Former Indiana basketball coach Bob Knight returns to IU practice ahead of the North Carolina game

Legendary former Indiana basketball coach Bob Knight returned to practice today, a day before No. 10 IU’s showdown against No. 18 North Carolina in the Big Ten-ACC Challenge.

Knight has been to IU practices here and there, but due to his deteriorating health, this has been fairly infrequent.

Current IU coach Mike Woodson played for Bob Knight, and Woodson frequently mentions Knight’s name when speaking to the public about Indiana basketball or in media question-and-answer sessions.

The Knight’s Hoosiers beat North Carolina to the national title in 1981 and also ended Michael Jordan’s collegiate career in the 1984 Sweet Sixteen.

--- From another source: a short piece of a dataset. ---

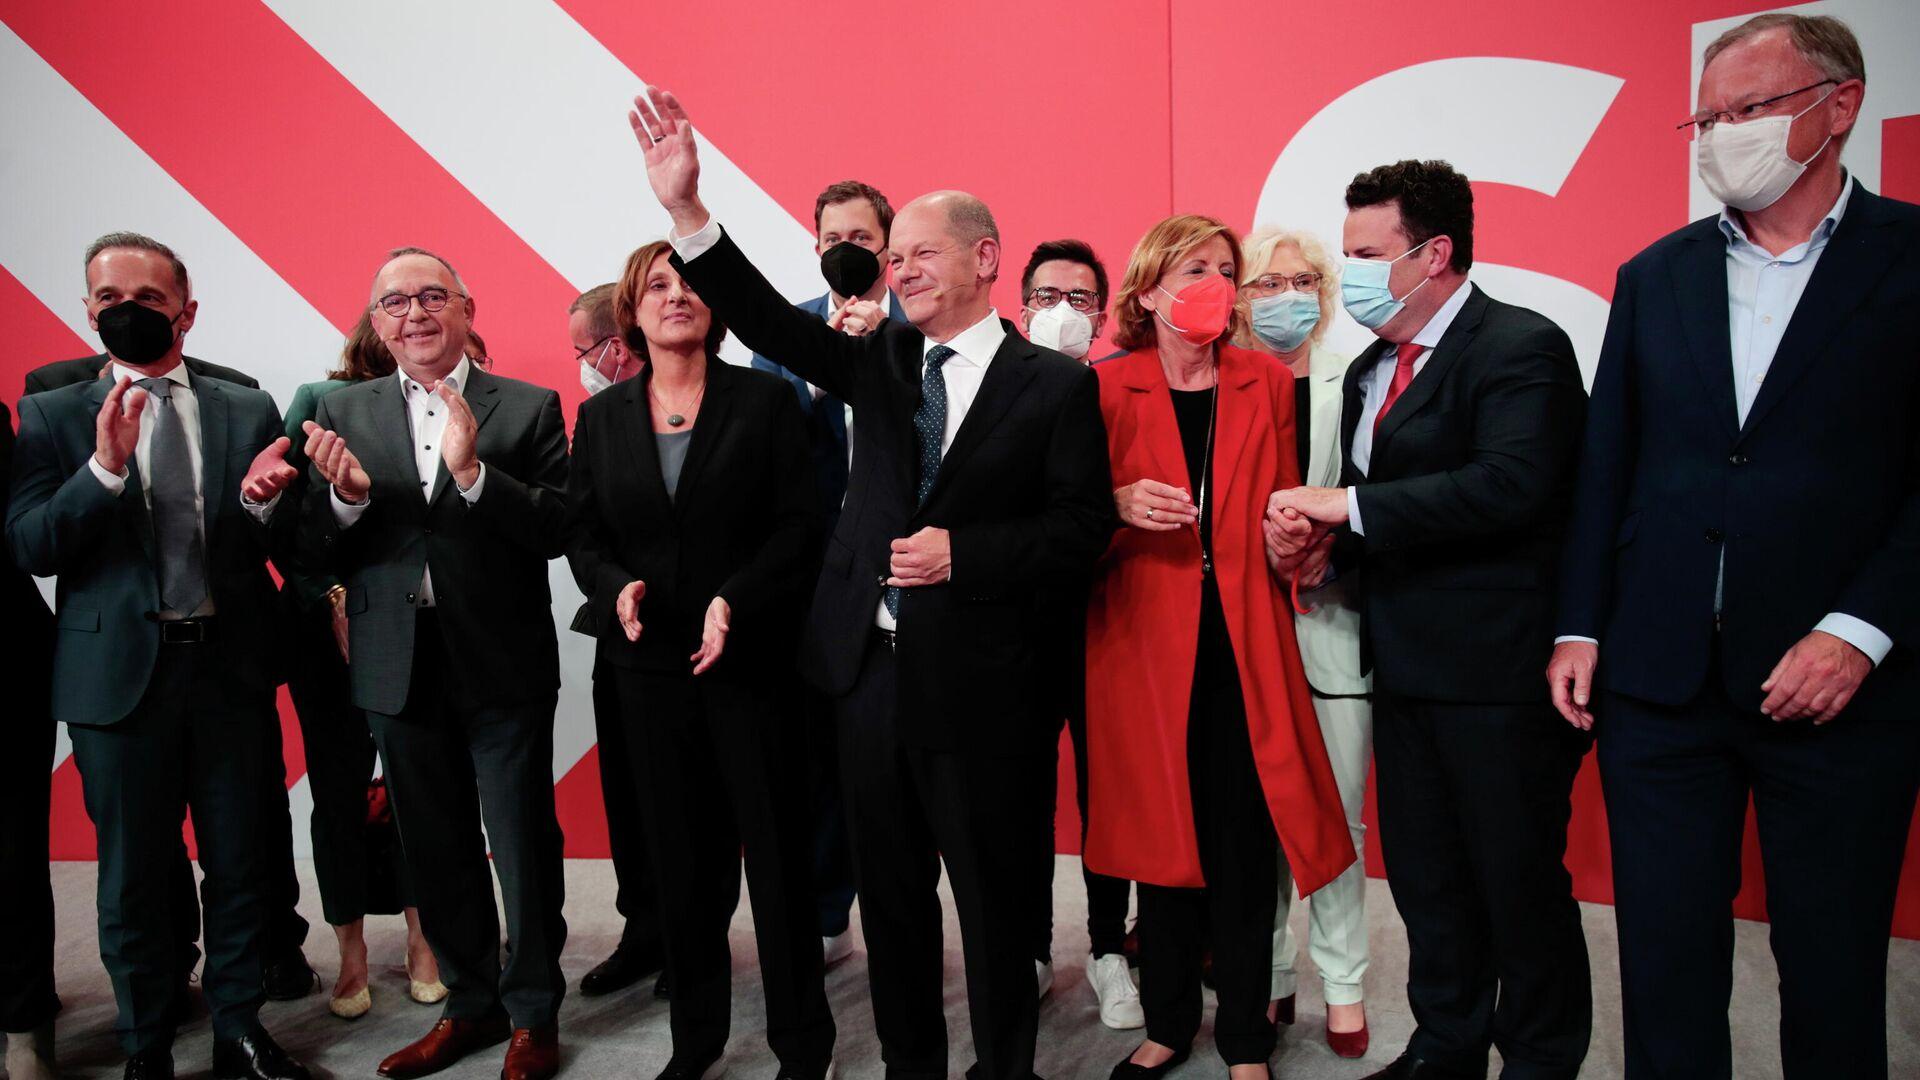 El Partido Socialdemócrata (SPD) de Alemania - Sputnik Mundo, 1920, 26.09.2021

This 1984 game is one of many Knight masterpieces. North Carolina was No. 1 and had a 28-2 record with two losses by five points total. The Tar Heels had five future NBA players in Michael Jordan, Sam Perkins, Brad Daugherty, Kenny Smith and Joe Wolf; a group that scored nearly 70,000 points in the NBA.

The Hoosiers were unranked, had a 21-8 record, but upset North Carolina 72-68 when Jordan fouled by just 13 points. This Indiana team had only two players who even made it into the NBA, and Steve Alford and Uwe Blab combined for 1,249 points in the league.

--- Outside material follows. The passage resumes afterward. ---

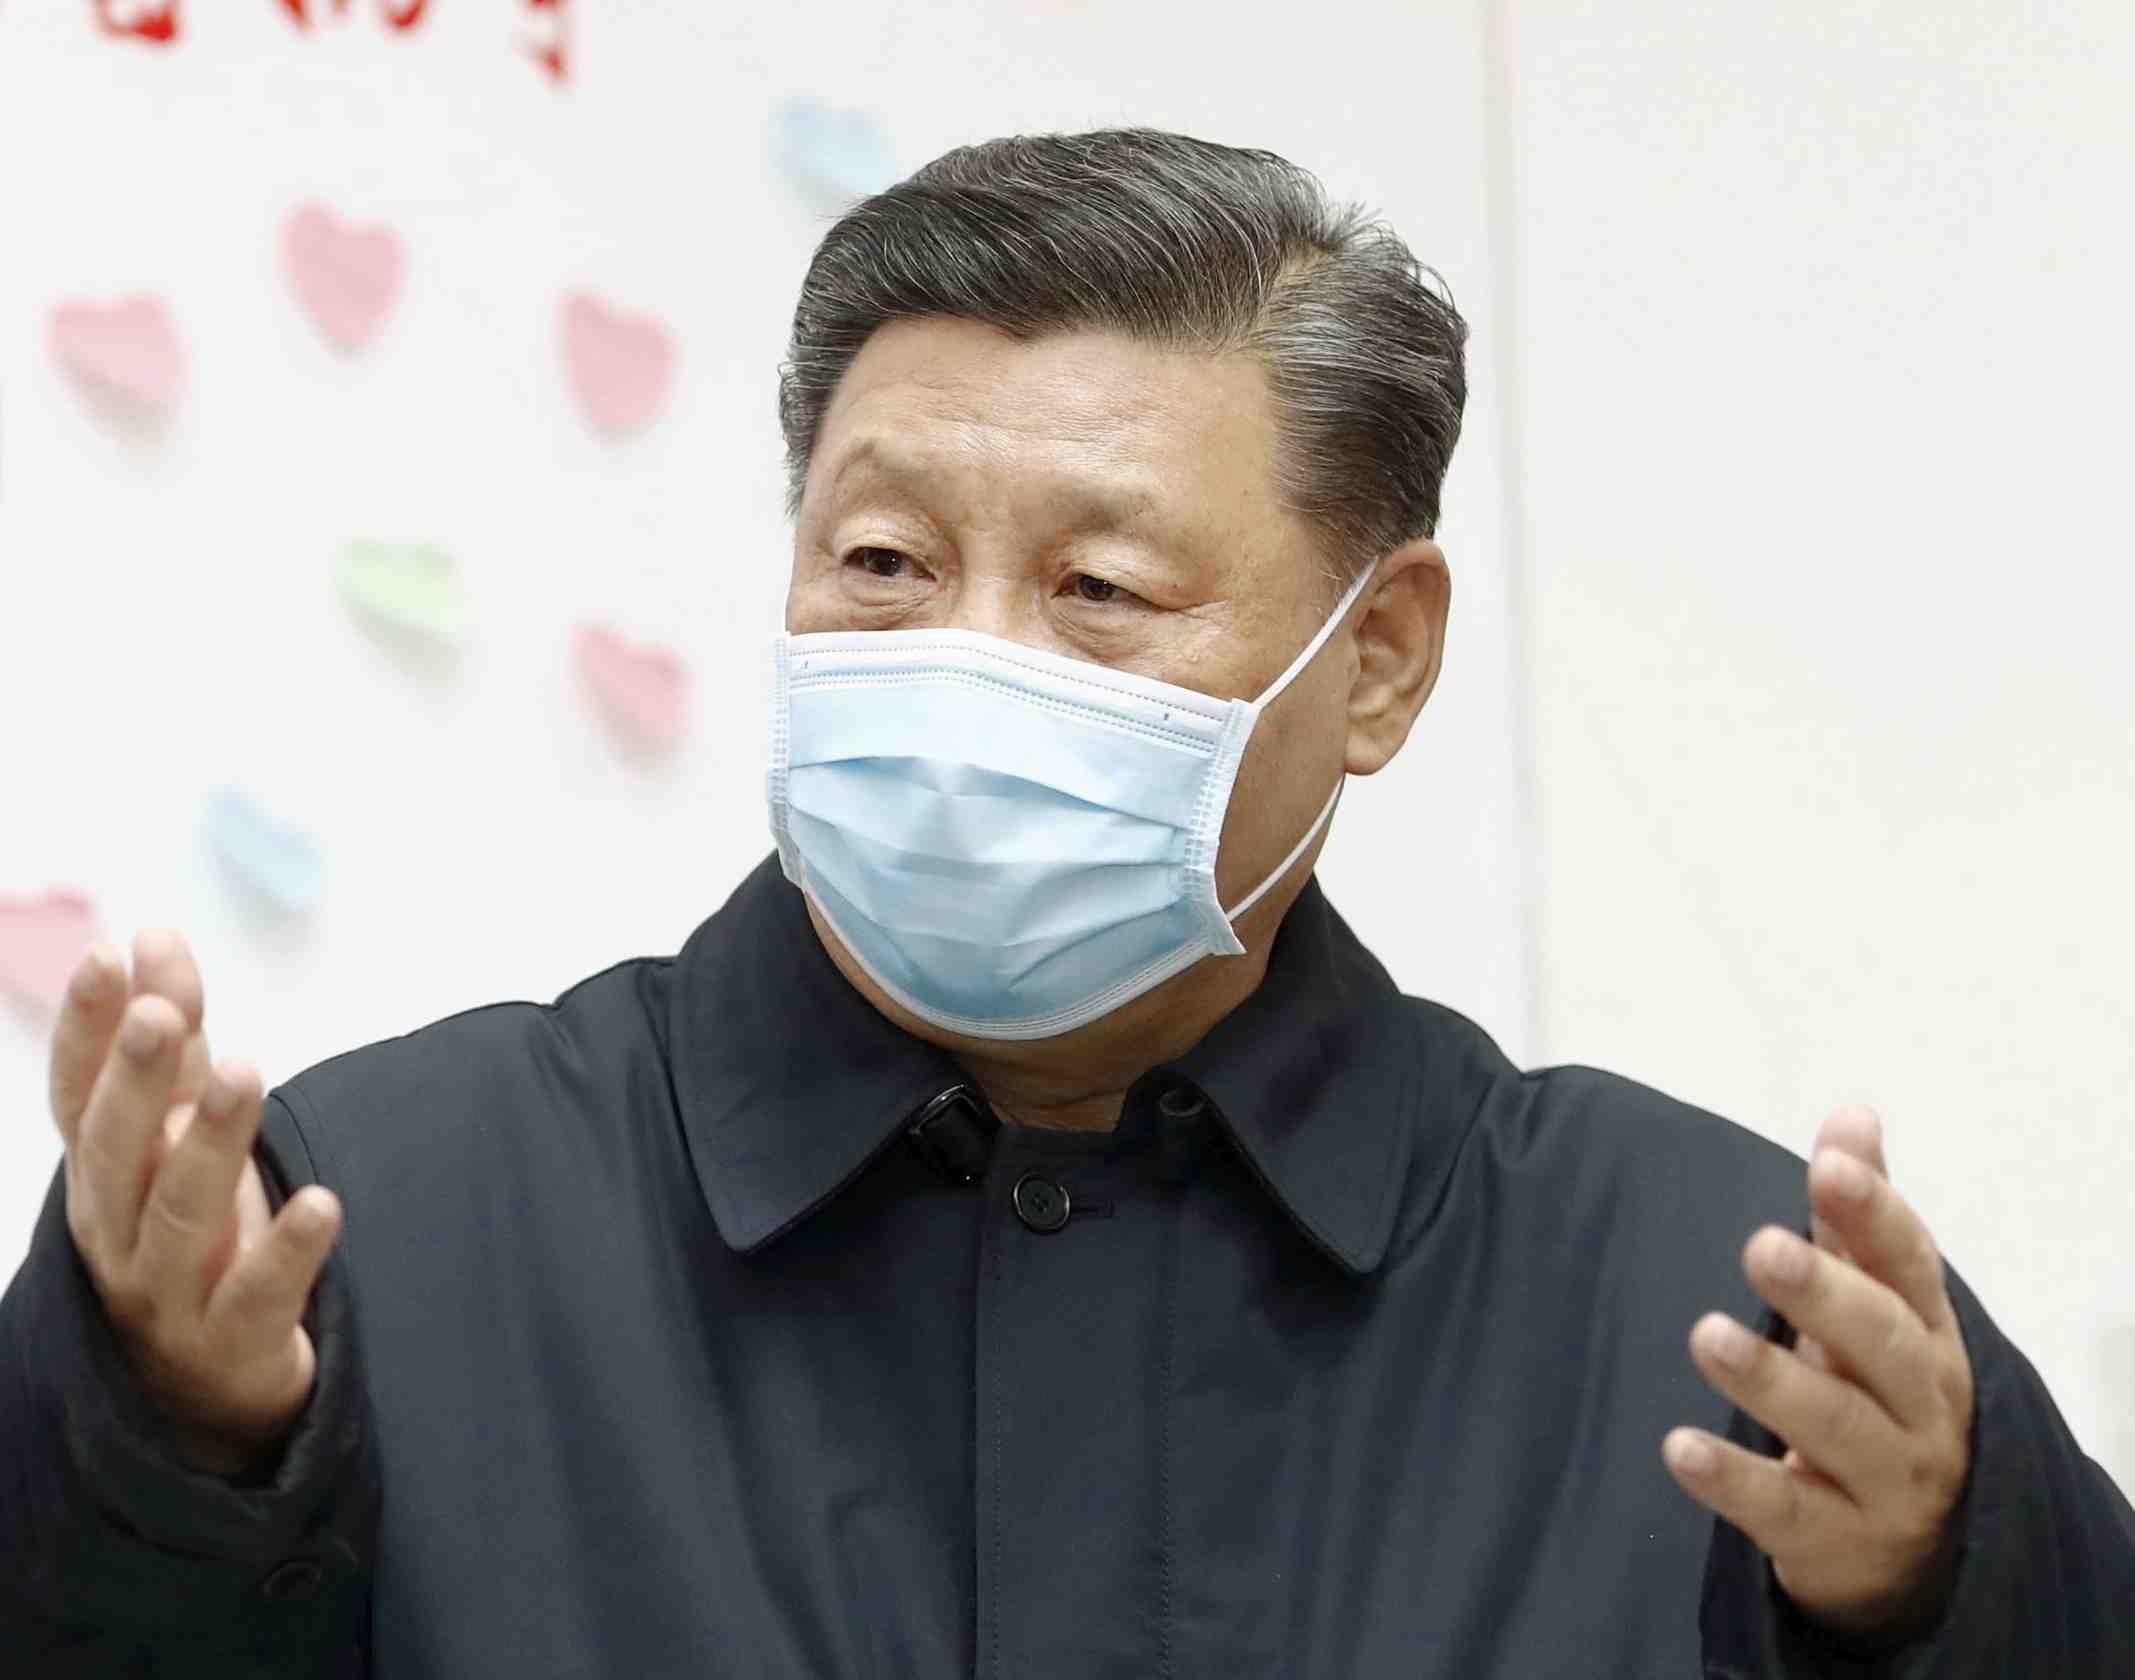 China Coronavirus and Xi Jinping Mask 006

Former IU coach Bob Knight is joined left to right by IU coach Tim Garl, former IU player Ted Kitchel, former IU player and current agent Randy Wittman. (Photo: Indiana University Athletics)

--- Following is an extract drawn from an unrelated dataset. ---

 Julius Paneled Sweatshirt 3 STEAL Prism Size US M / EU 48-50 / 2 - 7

Bob Knight welcomes current IU basketball coach Mike Woodson. Woodson played for Knight at IU. (Photo: Indiana University Athletics)

Knight’s first public appearance at IU since his release in 2000 was on February 8, 2020. Joining a number of former players, Knight emerged from the tunnel to an ovation, signaled to the crowd — and even began a “defense chant, defense.” It was the highlight of a day that followed as Archie Miller’s Hoosiers suffered another defeat in a string of defeats to Purdue, 74-62.

Knight has been in drills here and there under Woodson, and Knight has been on some other things at IU from time to time – some that have been kept private.

Knight won three Indiana national championships and retired with the most wins of all time in Division I men’s basketball.

Knight won three national titles, eleven Big Ten titles, and his 1976 Indiana team remains the last undefeated NCAA champion.

Knight, 82, has greatly reduced his public profile since returning to Bloomington.

Knight led Indiana to the Final Fours in 1973, 1976, 1981, 1987 and 1992. His Hoosier teams won NCAA championships in 1976, 1981, and 1987.

Knight coached Indiana from 1971 to 2000. In 29 years at Bloomington, he led Indiana to 662 wins, 24 NCAA tournaments, five Final Fours and three national titles. He had a win ratio of 0.735. He had 22 seasons with 20 or more wins.

His teams once went 37-0 in Big Ten play. His 1975 team — which likely would have won the national title that year had Scott May not suffered the broken arm — went unbeaten in the Big Ten, winning by averaging 22.8 points per game.

Woodson played for Knight and was named Big Ten Player of the Year in 1980 when he returned from back surgery to lead the Hoosiers to the Big Ten title. A 1976 graduate of Broad Ripple High School, Woodson is IU’s fifth all-time leading scorer with 2,061 points and his 19.8 points per game average is second-highest with Calbert Cheaney by a Hoosier who played four seasons in college.